Humor columnist Dave Barry writes, “It always rains on tents. Rainstorms will travel thousands of miles, against prevailing winds for the opportunity to rain on a tent.” All I could do as we sped further and further north is give into what’s to come – and trust my full suit of Columbia rain gear would keep me dry. But still, there’s nothing more disconcerting than starting a trail, the biggest of your life, in rain.
Of course, this is something I’ll soon learn about New Zealand. It’s called the land of the long white cloud for a reason. It rains – a lot. But the sun shines too and often at the same time it rains. Like most things, you can’t control the weather and if you want to be out in it, you gotta take the good with the bad.
All at once, we’re there. The end of the road, the northwestern-most tip of the Aupouri Peninsula, the northern end of the North Island of New Zealand, the Meeting Place, where the Tasman Sea meets the Pacific Ocean in a swirl of currents.

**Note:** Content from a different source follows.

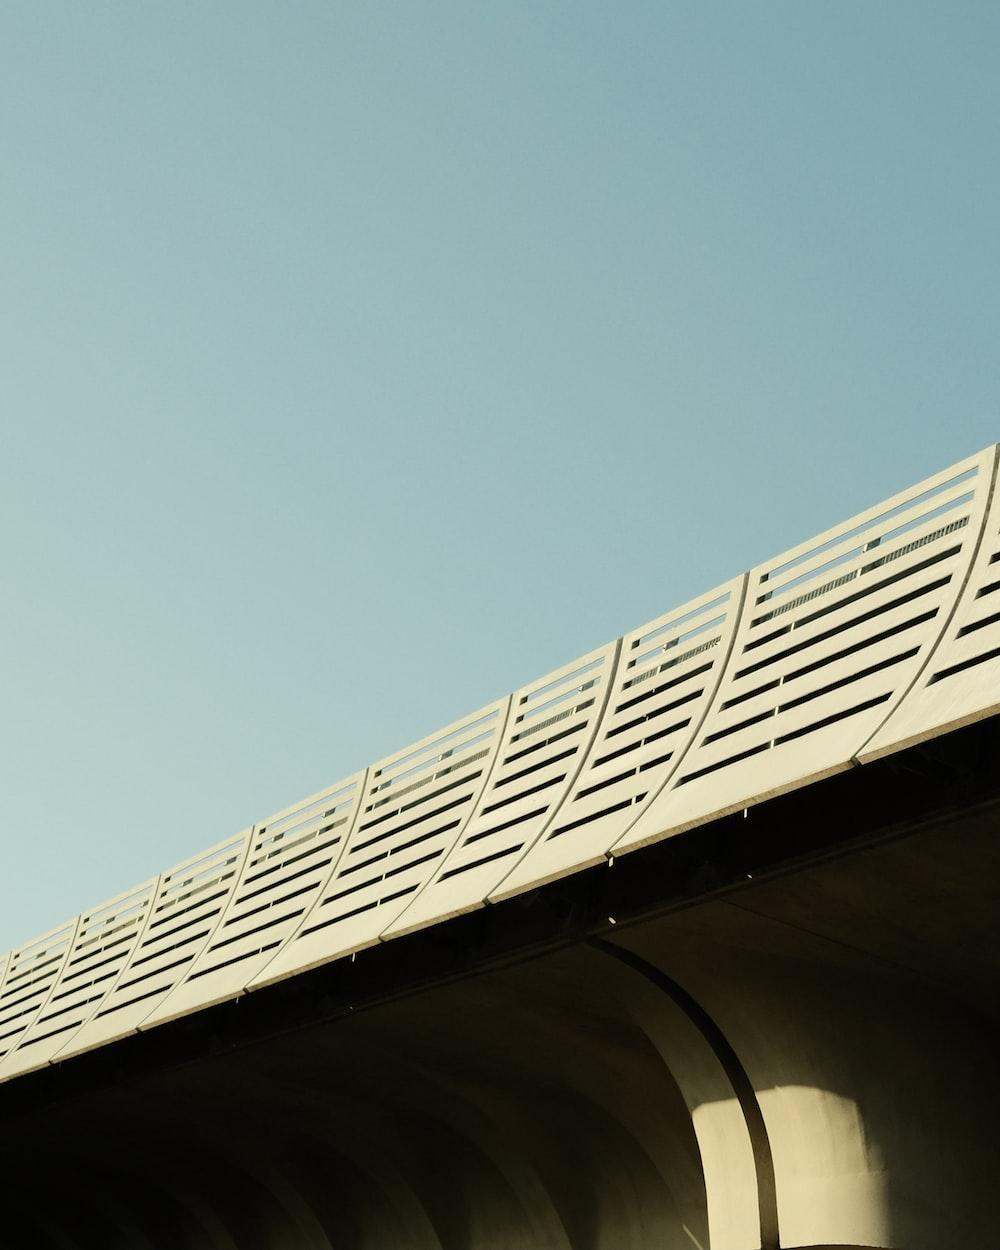 white metal frame under blue sky during daytime

We have little time to dawdle, since it’ll be dark in only a few hours, and the first campsite, called Twilight, is eight miles away. Vern shoots video of the two of us walking to the lighthouse at the end of a long spit of land. A pole of myriad signs point in all directions and we stand on opposite sides, a hand on the post, and a leg kicked out. Tokyo, Sydney, Los Angeles, the South Pole – and Bluff, my destination, one I’ll reach in five months.

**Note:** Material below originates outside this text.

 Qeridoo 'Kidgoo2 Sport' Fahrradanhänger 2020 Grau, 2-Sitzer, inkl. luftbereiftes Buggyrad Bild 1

It’s time to say goodbye before retracing our steps from the lighthouse back up towards the Te Paki Coastal Track, another sign warning us the track is hard to follow at high tide, and that it’ll likely take us four-and-a-half hours to get to Twilight.
The sky clears above a wide track through flax and yucca, azure waves in long rows crashing beneath us as we rise up on high cliffs. Black clouds move along the shoreline; the sun in this ozone-free part of the world, baking hot. My feet sink into soft sand before we cross on sharp rock, timing the tides just right to pass over myriad tide pools.